Отец ушёл. И как только он скрылся, девушка со смущением произнесла:
- Я есть хочу.
Мы поднялись и направились к столу, над которым всю ночь горела электрическая лампочка. В лАтке, стоящей в стороне от остатков пиршества, обнаружилась не тронутая жареная курица. Её мы по-родственному разделили. А недопитой водки, вина и не распечатанных бутылок лимонада было предостаточно, чтобы выпить с моей знакомой.
Где-то в семь утра мы были у ворот женского лагеря. Выйдя из "волжанки" помог попутчице выбраться из салона и протянул, на прощание, руку.
Дальше произошло то, чего никак не ожидал. Девушка бросилась мне на грудь и, обняв за шею, впилась в мои губы крепким поцелуем. Когда её стройная фигура скрылась за дверями КПП, мне подумалось:
- А я бы мог целоваться с ней всю ночь.
Об этом оставалось только сожалеть.
Всю обратную дорогу я проспал. Проснулся когда подъехали к дому. В окнах горел свет. Нас ждали. Мать, сделав вид, что ни о чём таком не догадывается, всё внимание уделила мне. Младшая сестрёнка, взобравшись на стул с ногами, повисла у меня на шее и с интересом слушала рассказ о проведённом на Хопре времени. Только о девушке не посмел произнести ни слова.

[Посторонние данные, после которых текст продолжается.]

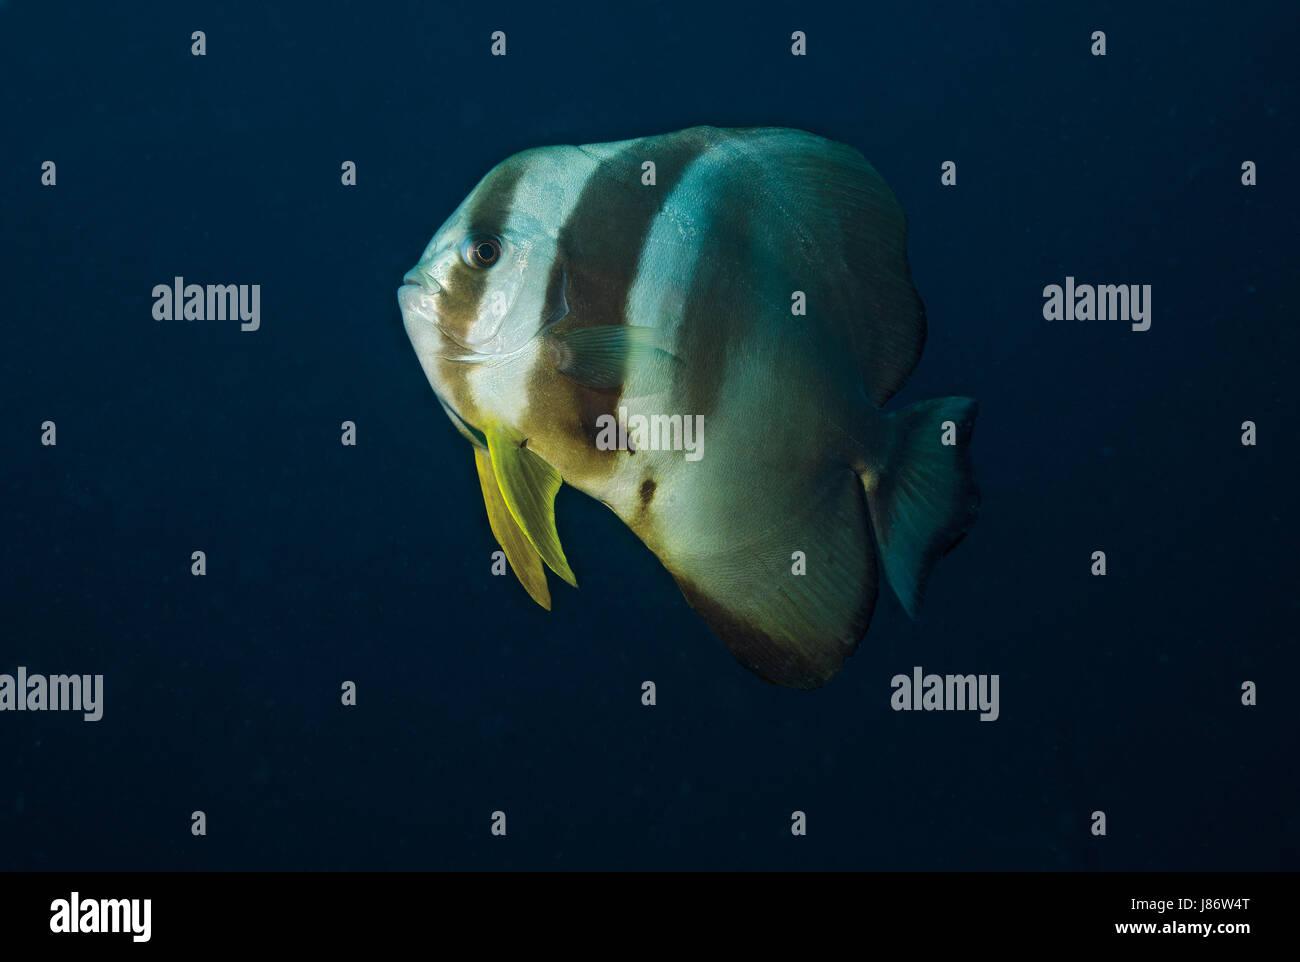 Side view of a Longfin Batfish, Platax teira, Ari Atoll, Indian Ocean, Maldives - Stock Image

Томка, старшая сестра, поднявшись с кресла, не скрывая иронической улыбки, сказала:
- Харе врать-то. Думаешь мы не знаем о срочных "инспекторских проверках". Скажи сколько с отцом водки выпили? Мать всё поймёт правильно. Поймёт и простит, поскольку редко появляешься в отчем доме. Не стыдно?
В конце недели поезд на Ленинград возвращал меня в посёлок Тайцы. А ещё через пару недель, сдав вступительные экзамены на тройки, был зачислен студентом строительного факультета.